**TASK ITEM:**
Only the lines from the one containing "parent seminars header" to the end of the material are to be copied, exactly and in full; images stay out.

**SUPPLIED MATERIAL:**

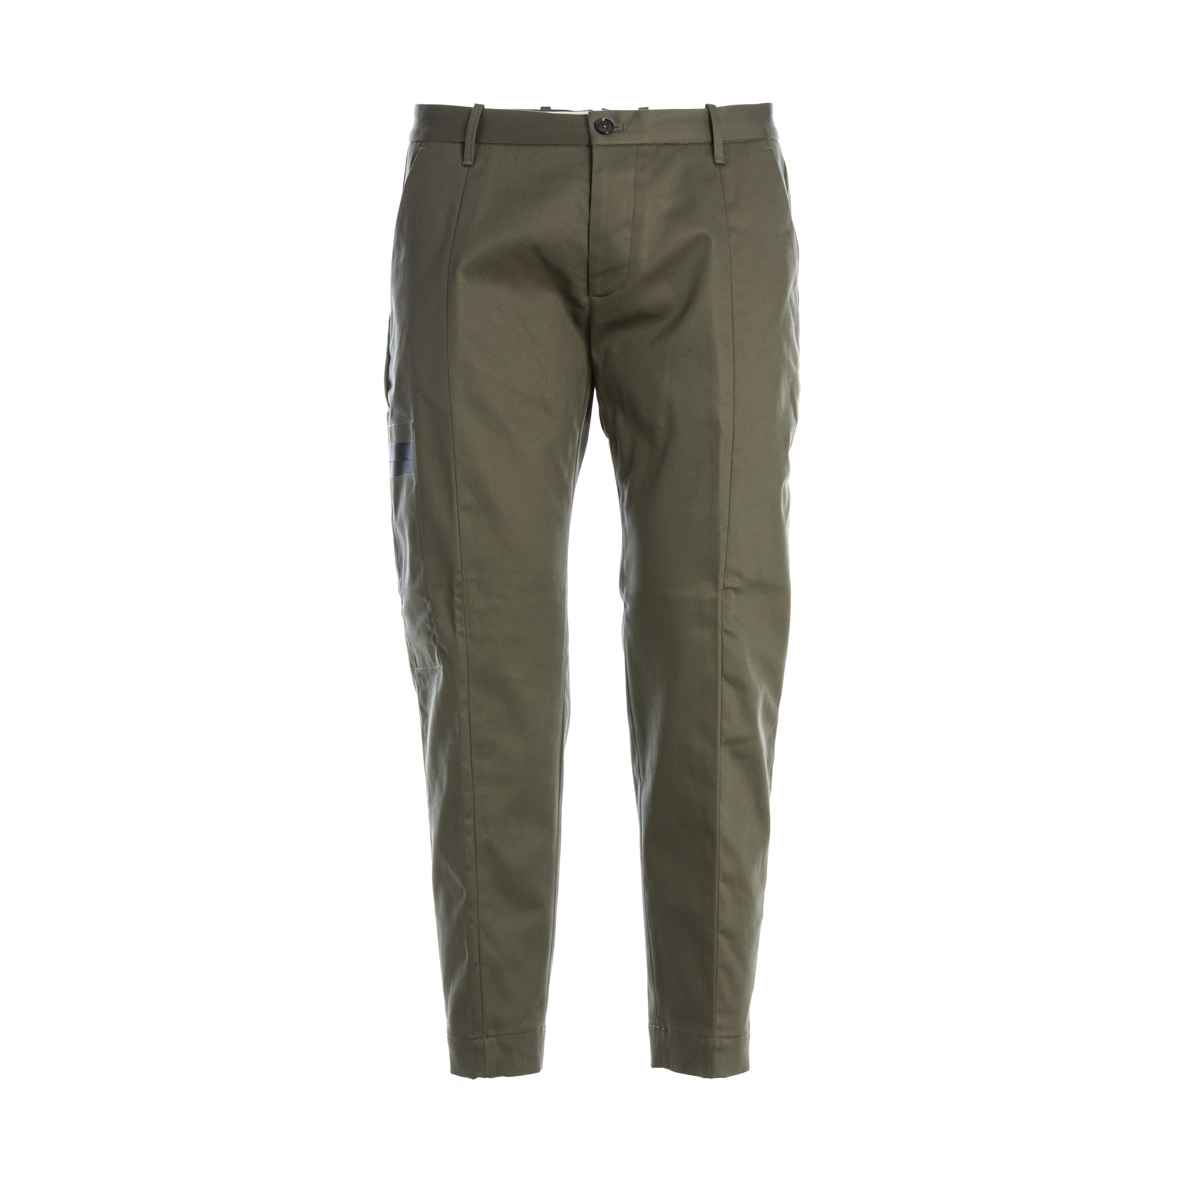 Pantalone Cargo Nine in the Morning Verde militare modello Carrot
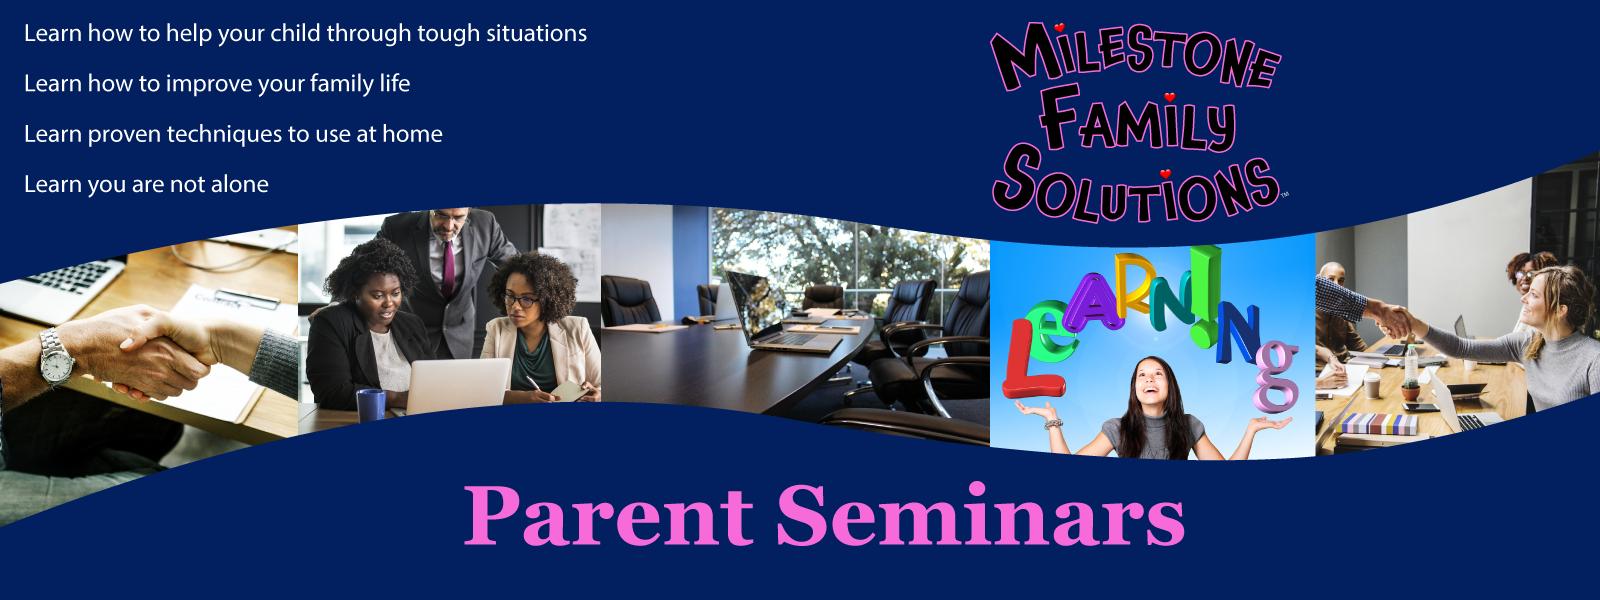 parent seminars header
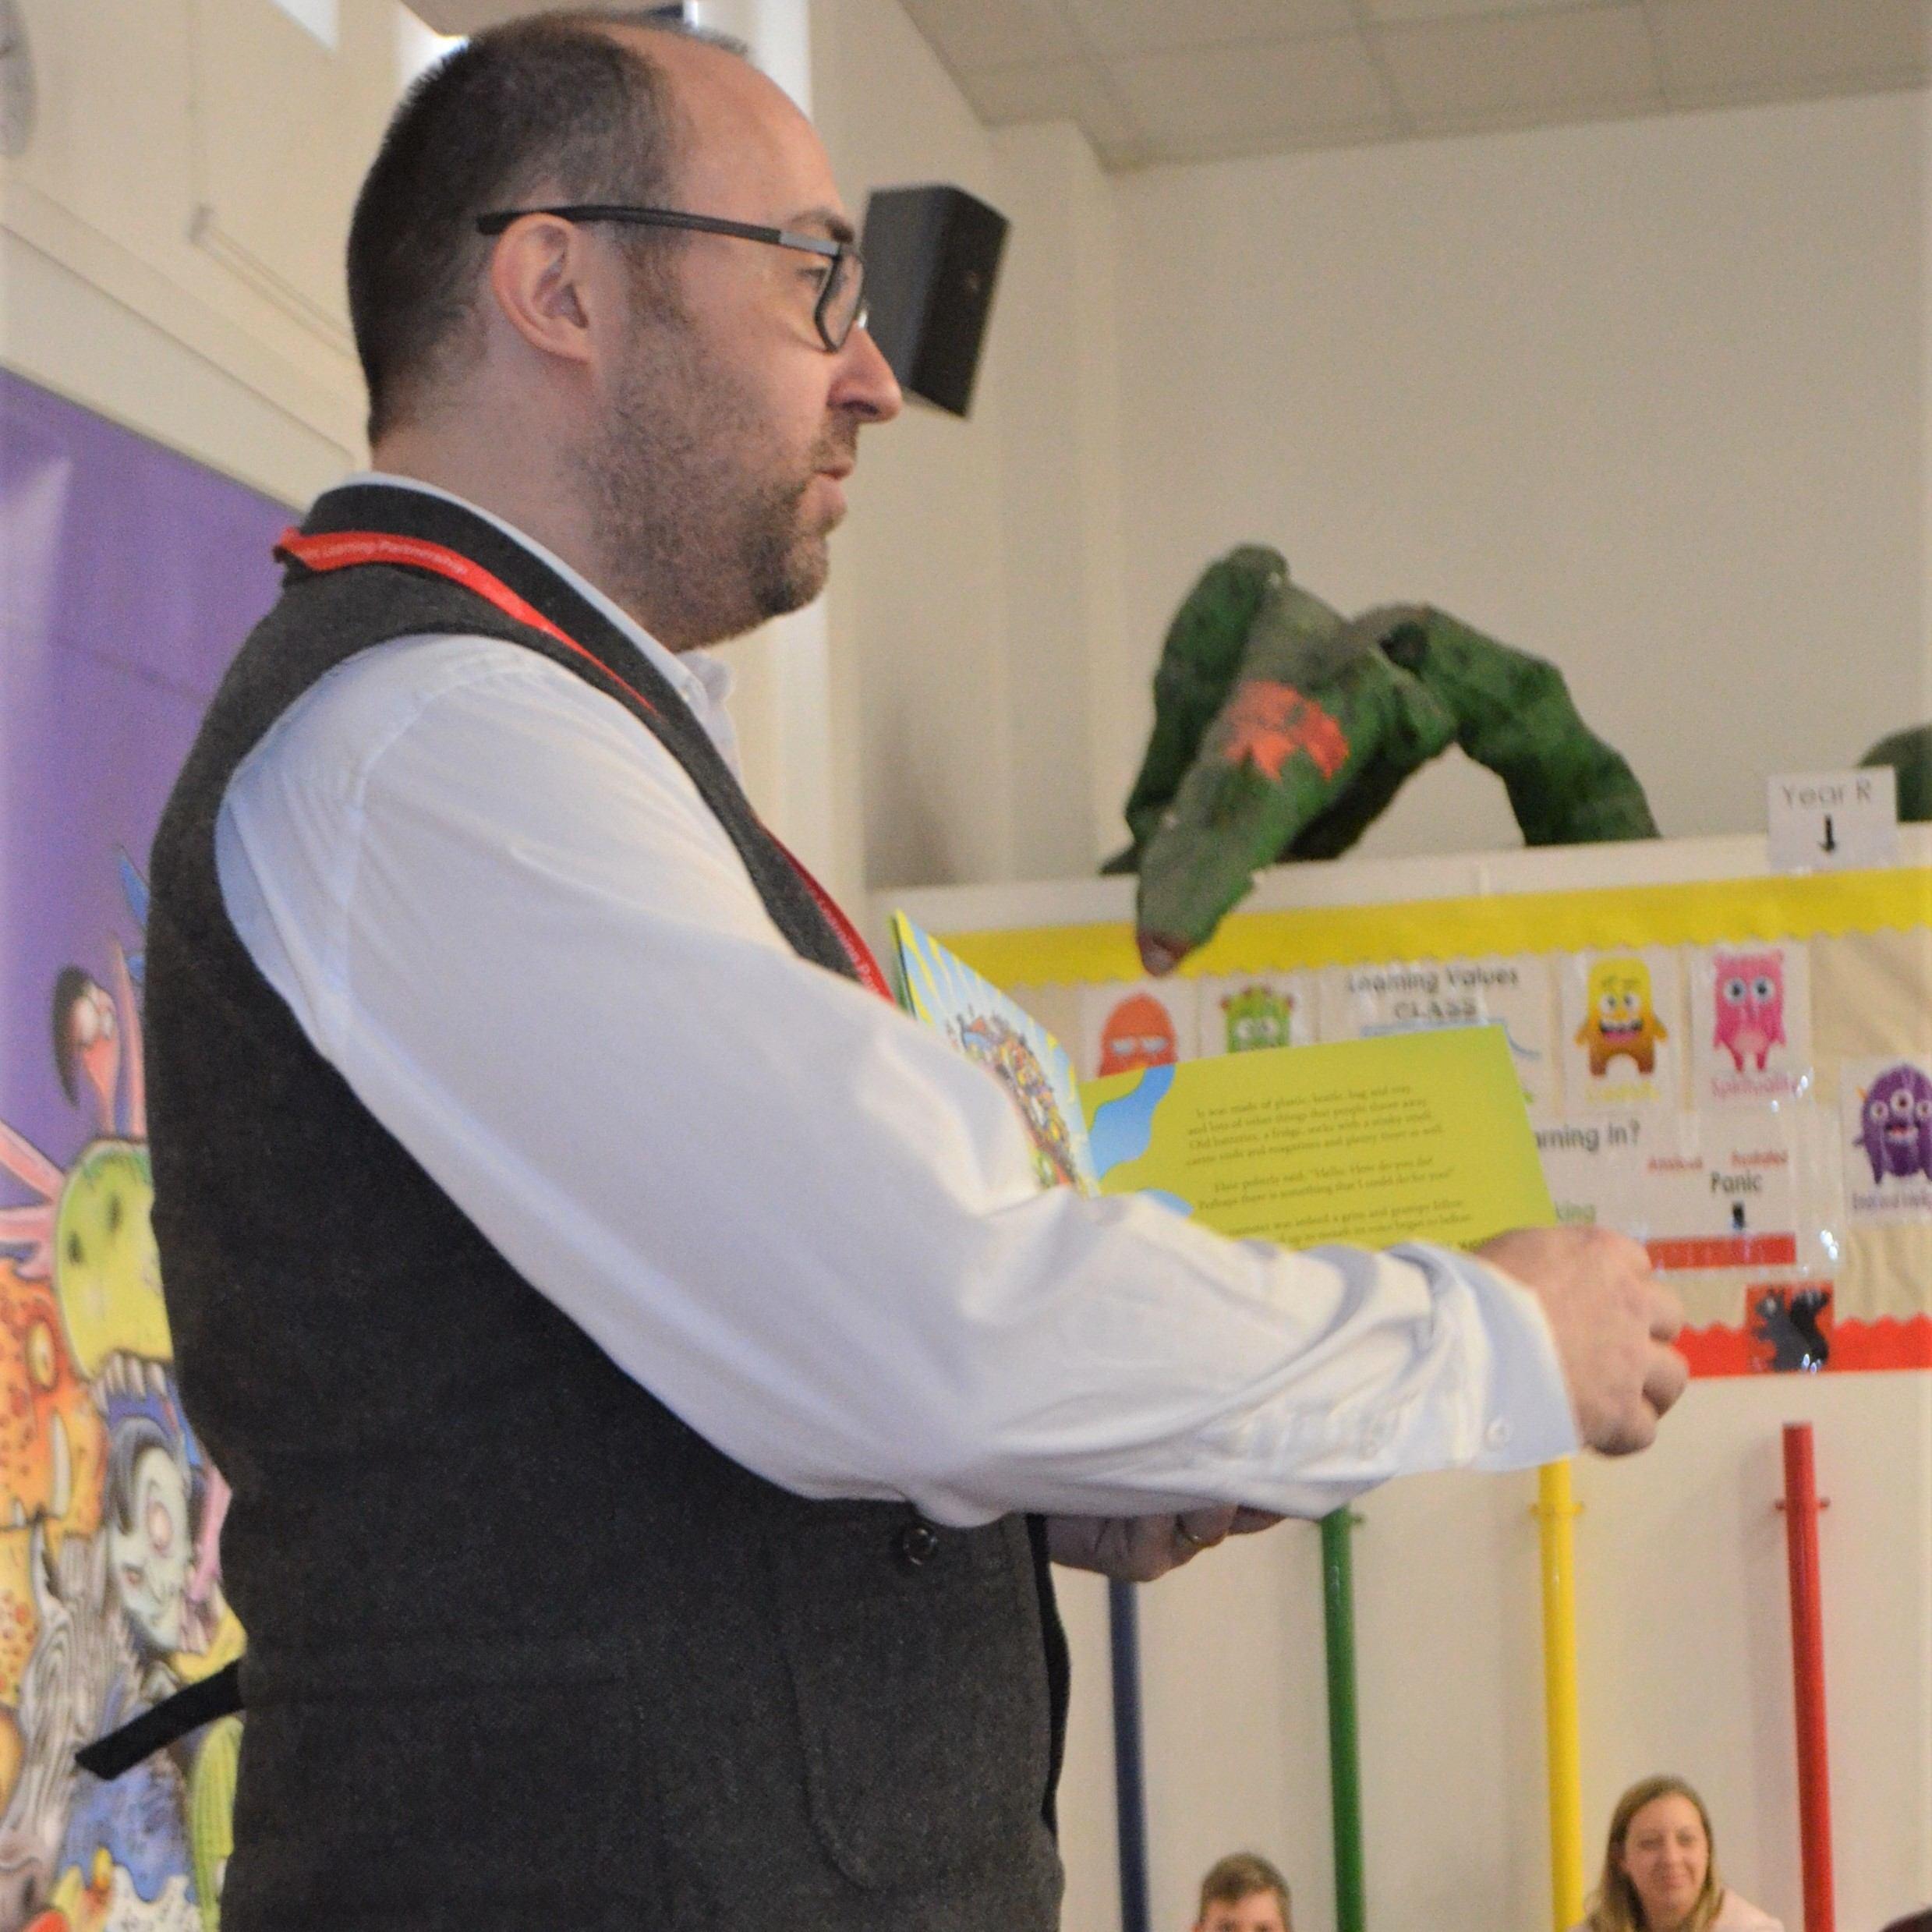 Simon reading to children at Blackfield Primary School

**COMPLETED EXERCISE:**
 parent seminars header
 Simon reading to children at Blackfield Primary School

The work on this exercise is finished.